Judge Seeger is a much better writer than we are, so we’ll liberally borrow his words to describe what happened in the Calchi case. The plaintiff bought a bottle of over the counter (OTC) cold medicine.  “She wanted to feel better, but she didn’t want to feel drowsy. So she picked up a bottle” of cold medicine that claimed to be “non-drowsy.”  She took the medicine and became “unexpectedly drowsy.”  She concluded that the medicine “was to blame for her sudden urge to nap. She felt lousy, and then drowsy. And now, she feels duped.”   She filed a class action complaint alleging violations of consumer fraud statutes in 43 states plus the District of Columbia.  She also alleged breach of warranty under both state law and the Magnuson-Moss Warranty Act. Finally, there is a claim for intentional misrepresentation.

The defendant filed a motion to dismiss, arguing that the claims were preempted by federal law and that the plaintiff lacked standing.  There were other grounds as well, which we will get to soon enough.

Interestingly, the same plaintiff filed a virtually identical lawsuit in S.D.N.Y. against another non-drowsy cold medicine. That double-header prompted the Calchi court to entertain some skepticism, but not enough to affect the result.  The Calchi court also took note of the extraordinary proliferation of cases involving non-drowsy  medicine. “A lot of judicial energy is getting devoted to non-drowsy medication.”

The same plaintiff counsel authored many of the complaints. The complaints “read like fungible widgets” and it appears that plaintiff counsel “has fired up the litigation factory, and the machine spat out another complaint, courtesy of a few clicks and a well-oiled use of copy-and-paste.”  Moreover, the complaint is hardly specific to the plaintiff at all. “Most of the paragraphs could apply to any run-of-the-mill sick, drowsy plaintiff.”

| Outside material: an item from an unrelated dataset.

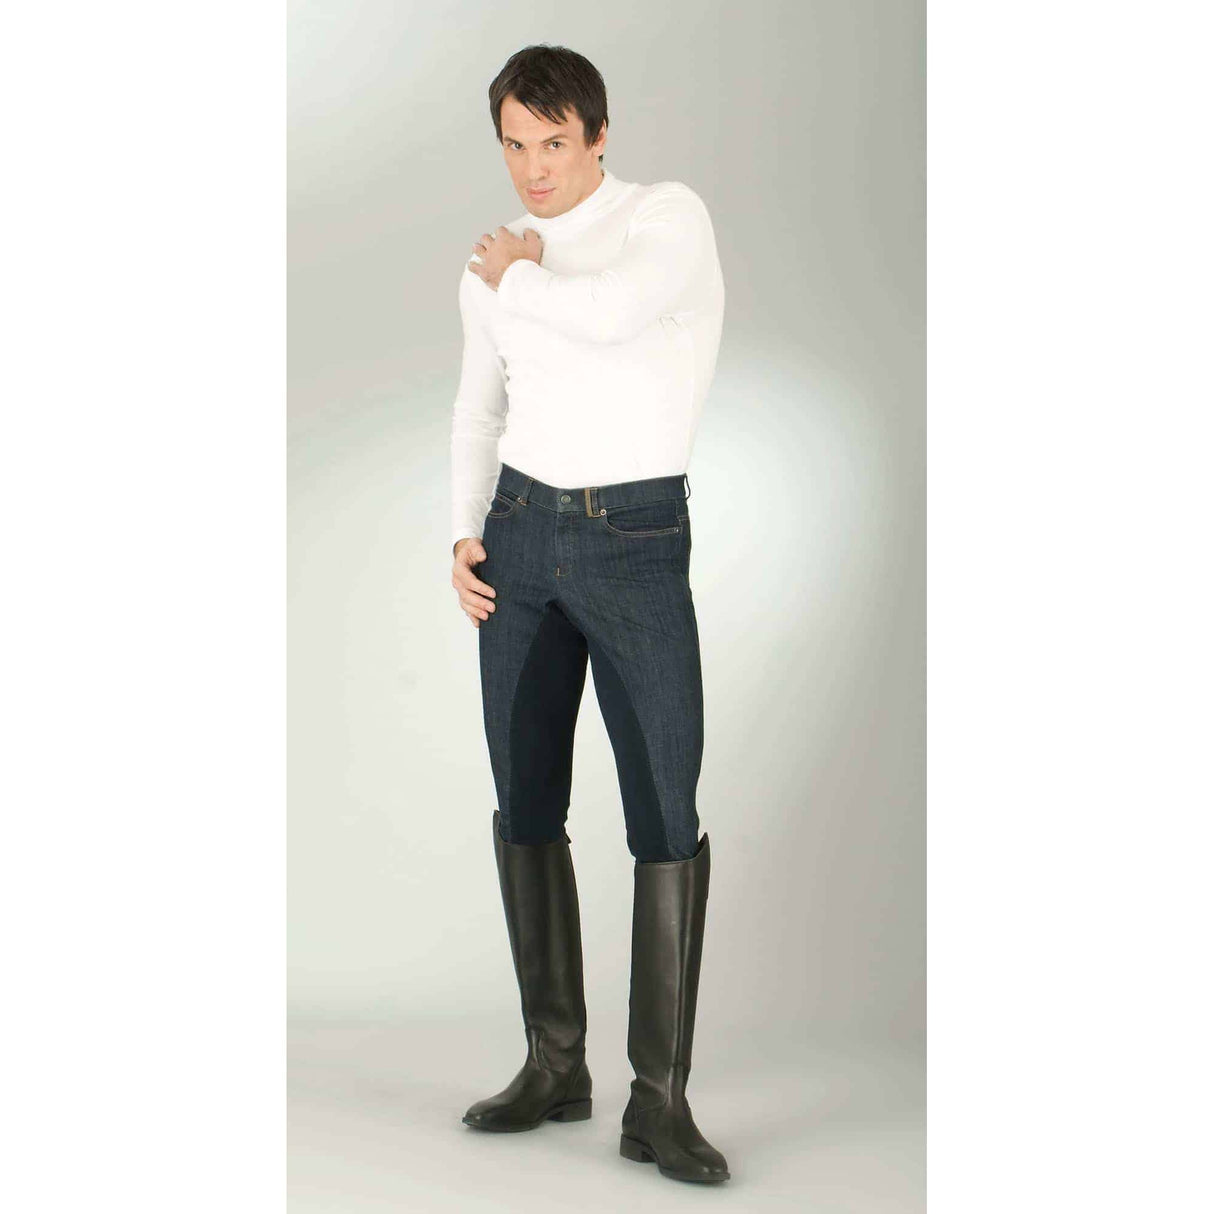 Covalliero Equitazione Pantaloni Jeans Per Gli Uomini

How can such splendid phrase-making be in service of an opinion that is mostly pro-plaintiff?  Wait and see.

CAFA Jurisdiction

The Class Action Fairness Act (CAFA) applies to this case. That is important in Calchi, because the defendant was an LLC, which is treated as an unincorporated association under the statute.  Most of the time, the citizenship of an unincorporated association, as with a partnership, is the citizenship of all its members.  That rule would make diversity of citizenship difficult to establish. But CAFA provides that an unincorporated association, as with a corporation, is determined by principal place of business and place of organization. “The jurisdictional yardstick is different, depending on the type of case.  It might seem funny for a limited liability company to swap passports and have a different citizenship, depending on the nature of the case.  But Congress gets to set the rules.”

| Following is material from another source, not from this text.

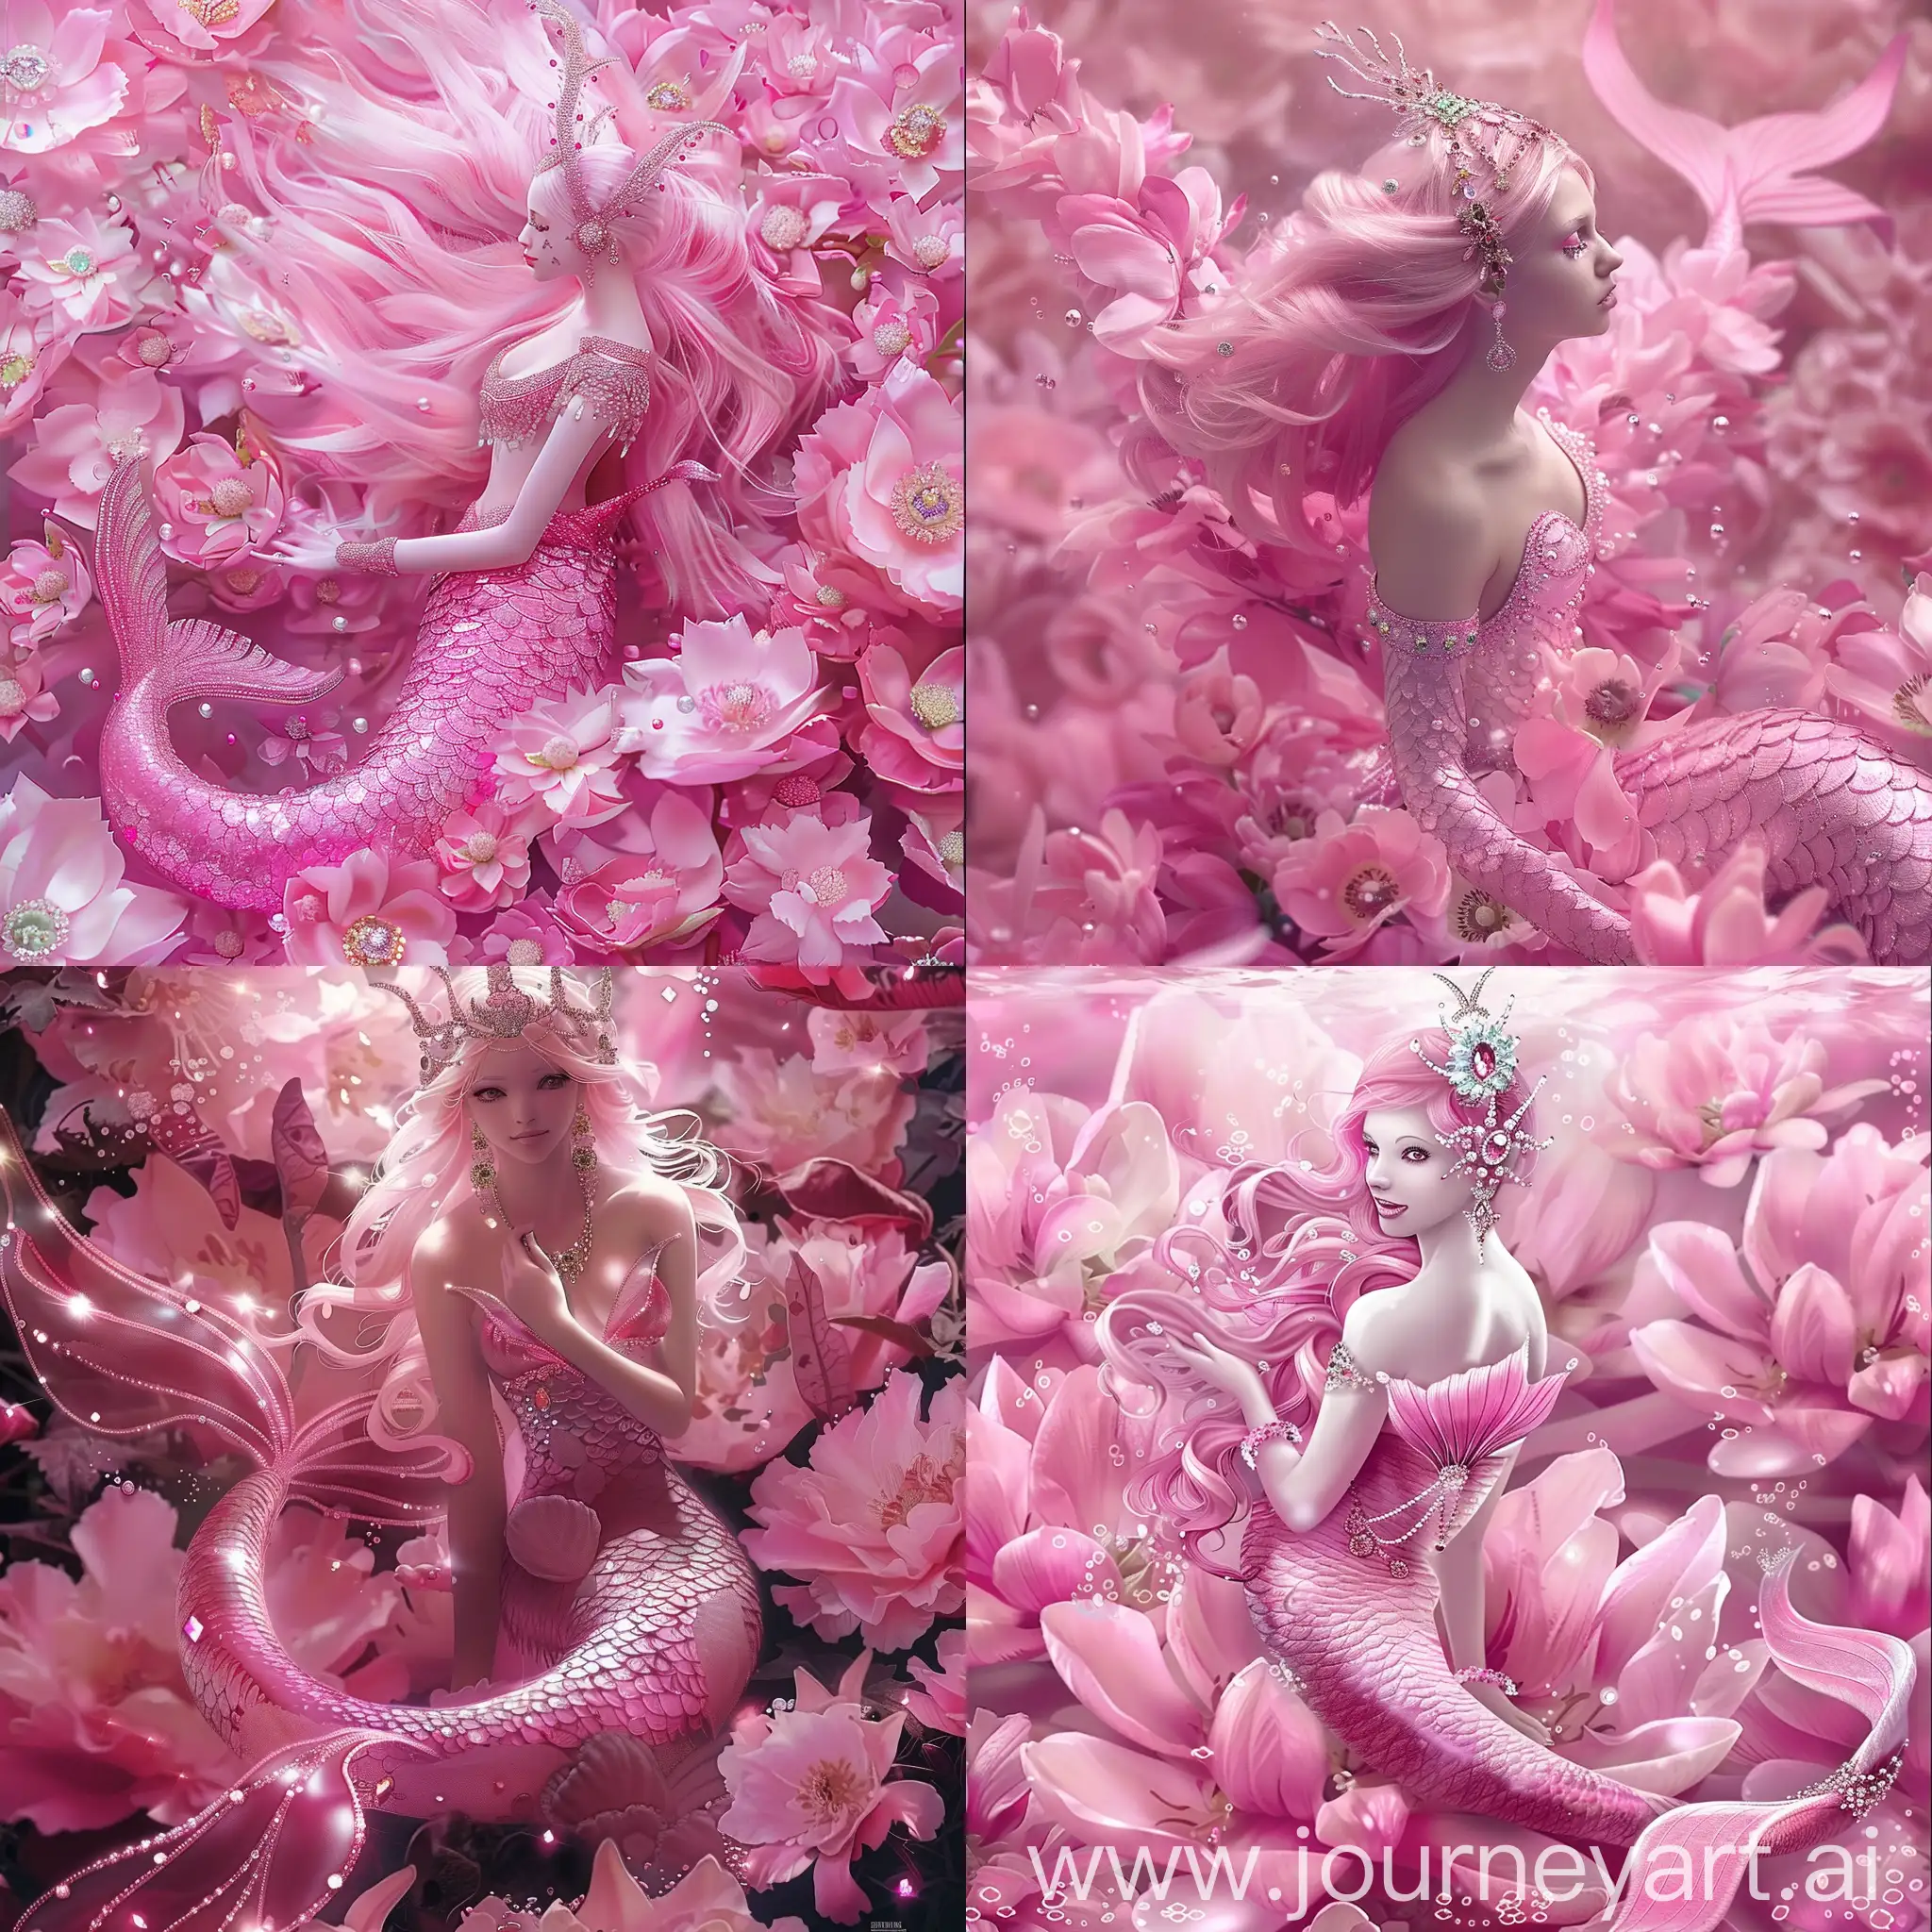 розовая русалка с драгоценностями в волосах сидит на цветах розового цвета

Therefore, CAFA supports federal diversity jurisdiction over the Calchi case.

Preemption

This is the part of the Calchi opinion that stings the most.  The label for the OTC medicine fully complied with the FDA monograph.  Federal law prohibits states from establishing any requirement for an OTC medicine that is “different from or in addition to, or that is otherwise not identical with,” the FDA requirements.  There is an out for personal injury cases, but that is not what we have in the Calchi case. The plaintiff merely wanted her money (and the money spent by all those class members) back.

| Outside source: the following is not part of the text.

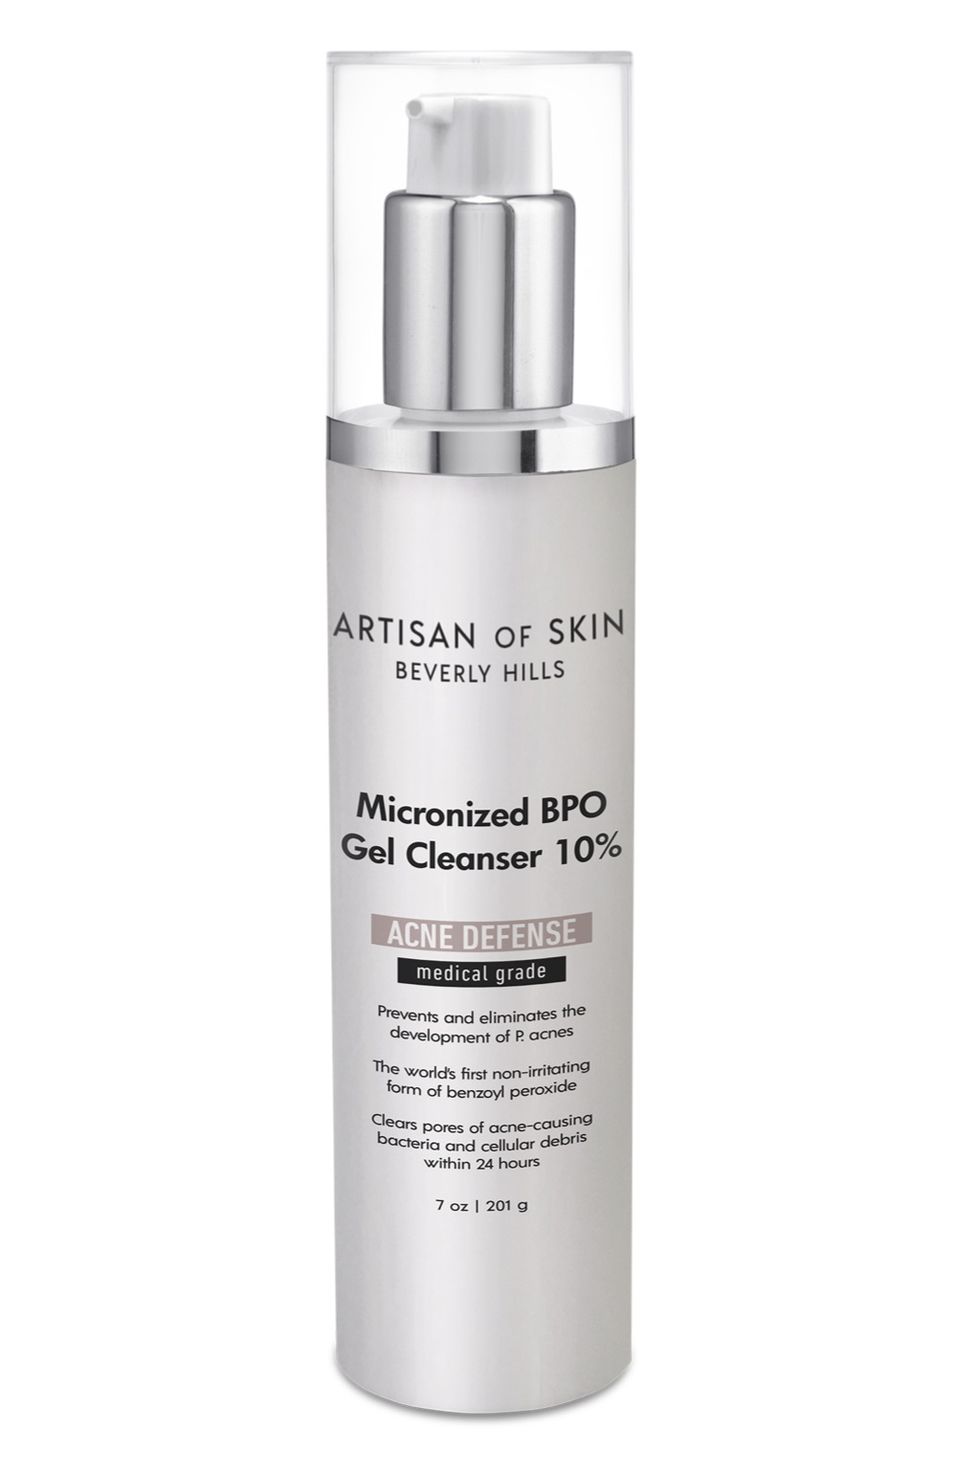 Artisan of Skin Micronized BPO Gel Cleanser 10%

Why isn’t this case preempted?  Even under the rotten Seventh Circuit Bausch case (the Calchi case – or perhaps we should say, this Calchi case – is in the N.D.Illinois, so it is controlled by Seventh Circuit law), this case seems to be a poster child for express preemption.

Sadly, there is another awful Seventh Circuit express preemption case: Bell v. Publix Super Markets, Inc., 982 F.3d 468 (7th Cir. 2020). Bell was about grated cheese. The package bragged that it contained “100% Grated Parmesan Cheese.”  According to the plaintiff, that “100%” was a lie, because there was also cellulose powder and potassium sorbate in the product.  The Bell court rejected the defendant’s preemption argument, drawing a distinction between requiring a defendant to make additional affirmative disclosures (preempted) versus stopping the defendant from voluntarily adding deceptive language to the federally permitted labels (not preempted).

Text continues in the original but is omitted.